Exercise: Without changing a thing, reproduce the entire listing and leave out its pictures.

Supplied material:
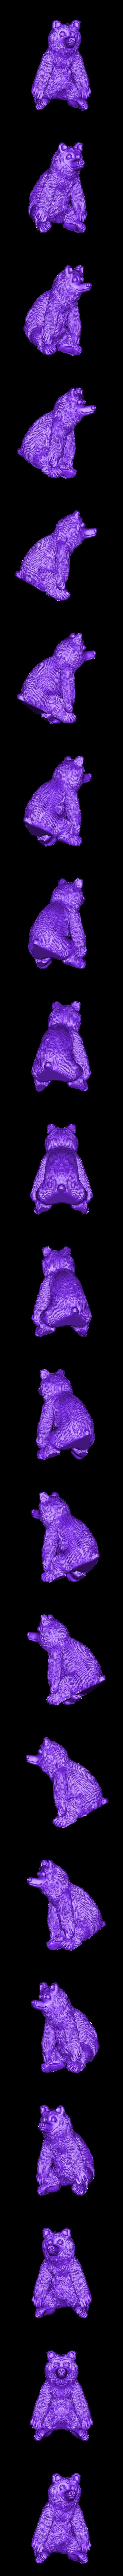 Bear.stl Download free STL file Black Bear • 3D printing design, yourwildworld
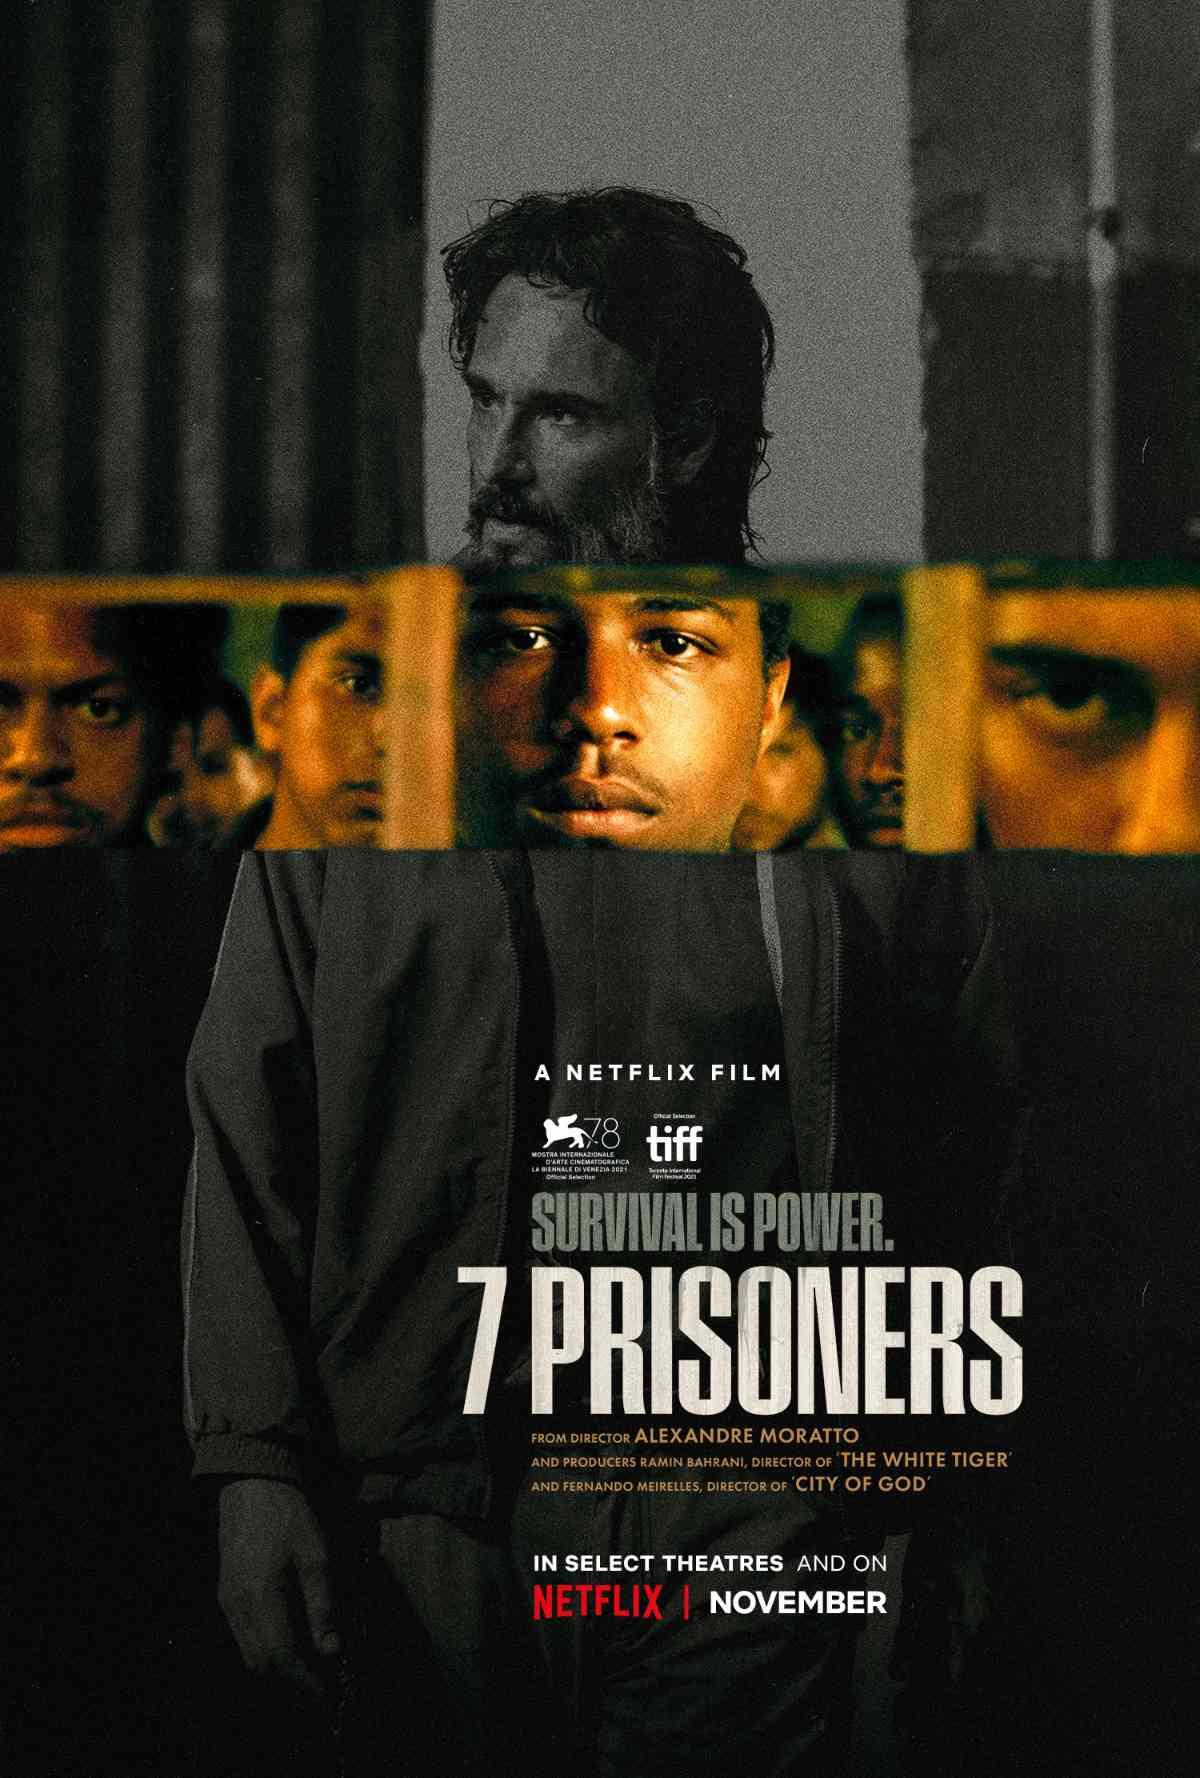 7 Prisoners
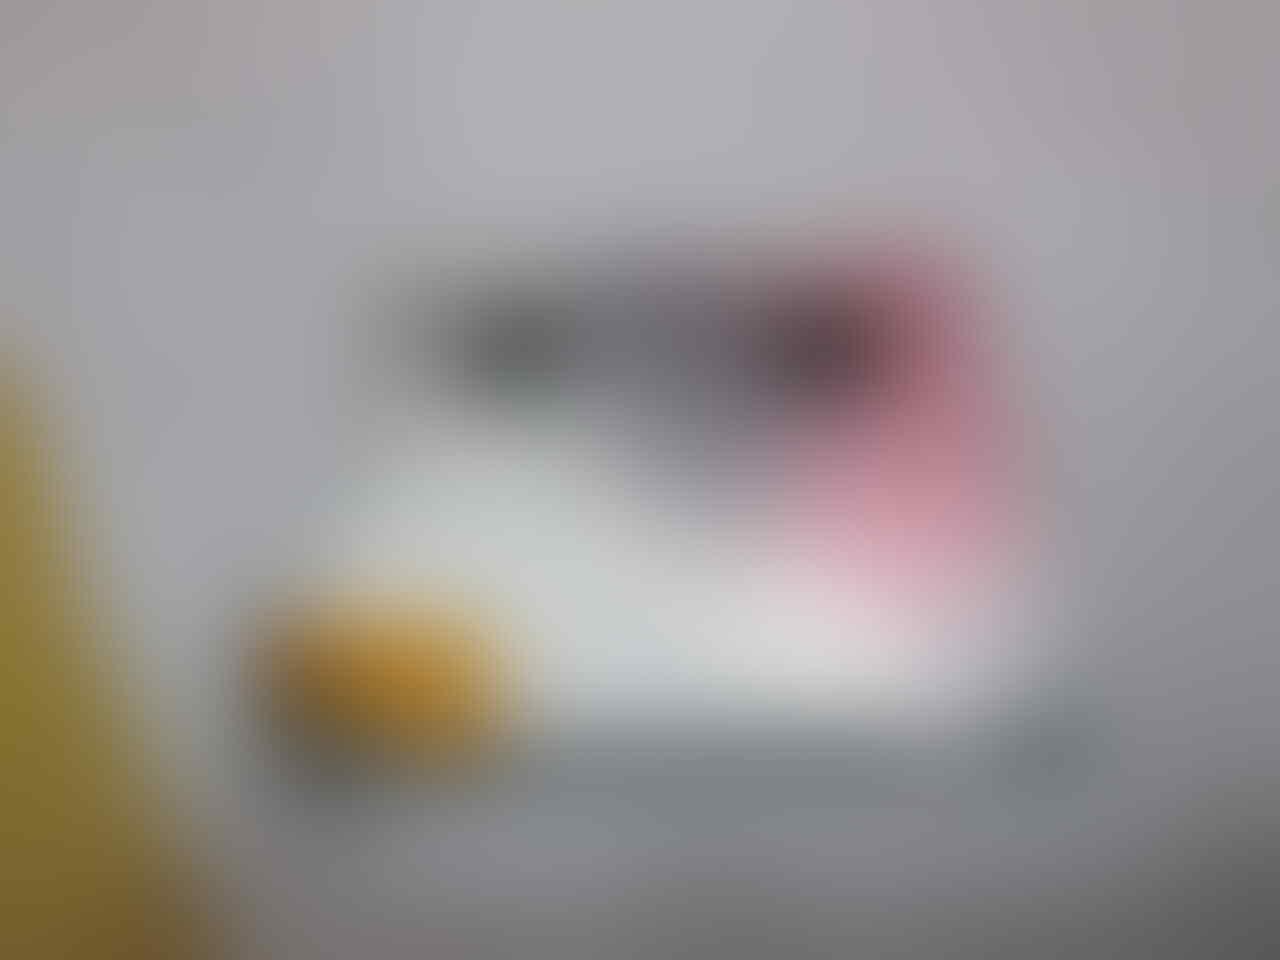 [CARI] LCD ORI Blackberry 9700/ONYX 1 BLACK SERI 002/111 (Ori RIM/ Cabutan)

Answer space:
 Bear.stl Download free STL file Black Bear • 3D printing design, yourwildworld
 7 Prisoners
 [CARI] LCD ORI Blackberry 9700/ONYX 1 BLACK SERI 002/111 (Ori RIM/ Cabutan)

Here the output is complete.